Yep, you are right, nothing shows up here. What your service is actually doing underneath? Is it possible you are spawning new process?

valerauko 2024-12-06T08:28:56.917969Z

I don't think so. It uses ImageIO to rescale an input image into four different sizes (in parallel) and upload each to S3. As far as I'm aware there's no process spawning (never observed any happening)
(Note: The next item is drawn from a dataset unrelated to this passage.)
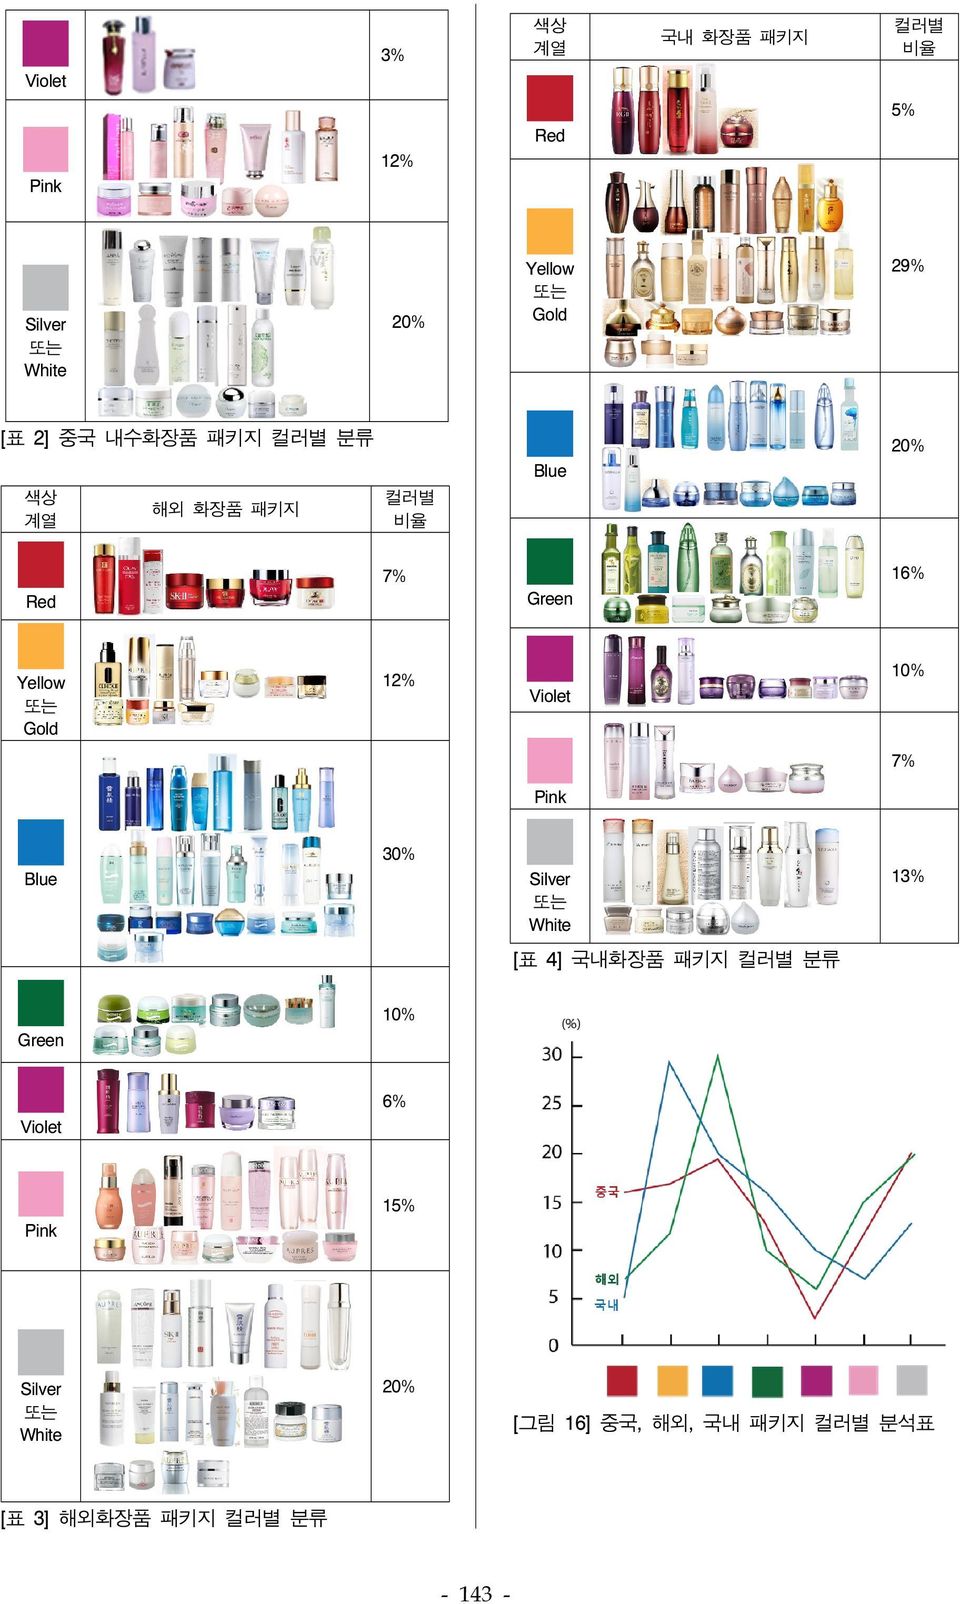 Violet 10% 7% Pink Blue 30% Silver 또는 White 13% [표 4] 국내화장품 패키지 컬러별 분류 Green 10% Violet 6%

Arnaud Geiser 2024-12-06T08:46:44.028649Z

Arff.. I don't have other ideas here. 😞

valerauko 2024-12-06T08:50:57.722679Z

Thanks for thinking about it anyway. Next chance I have some time to debug this further I'll see if I could get something relevant out of clj-async-profiler... But my hopes are slim.

😞 1
valerauko 2024-12-06T08:55:19.474999Z

My two guesses at this point are • some JNI call from ImageIO leaking memory in certain thread contexts • OS threads getting a whole copy of the image binary data and they store it in some way that doesn't appear in any of the metrics, while virtual threads don't While the image I test with isn't that big (~3MB) it has an unusual colorspace and I wouldn't be surprised if the parsed ImageIO object resulting from it takes up 20MB of memory, but I have no idea how would that just go off-heap and into some "uncharted zone"

Arnaud Geiser 2024-12-06T08:56:16.770619Z

Those are two good leads to explore as it's tied to memory used outside of the JVM.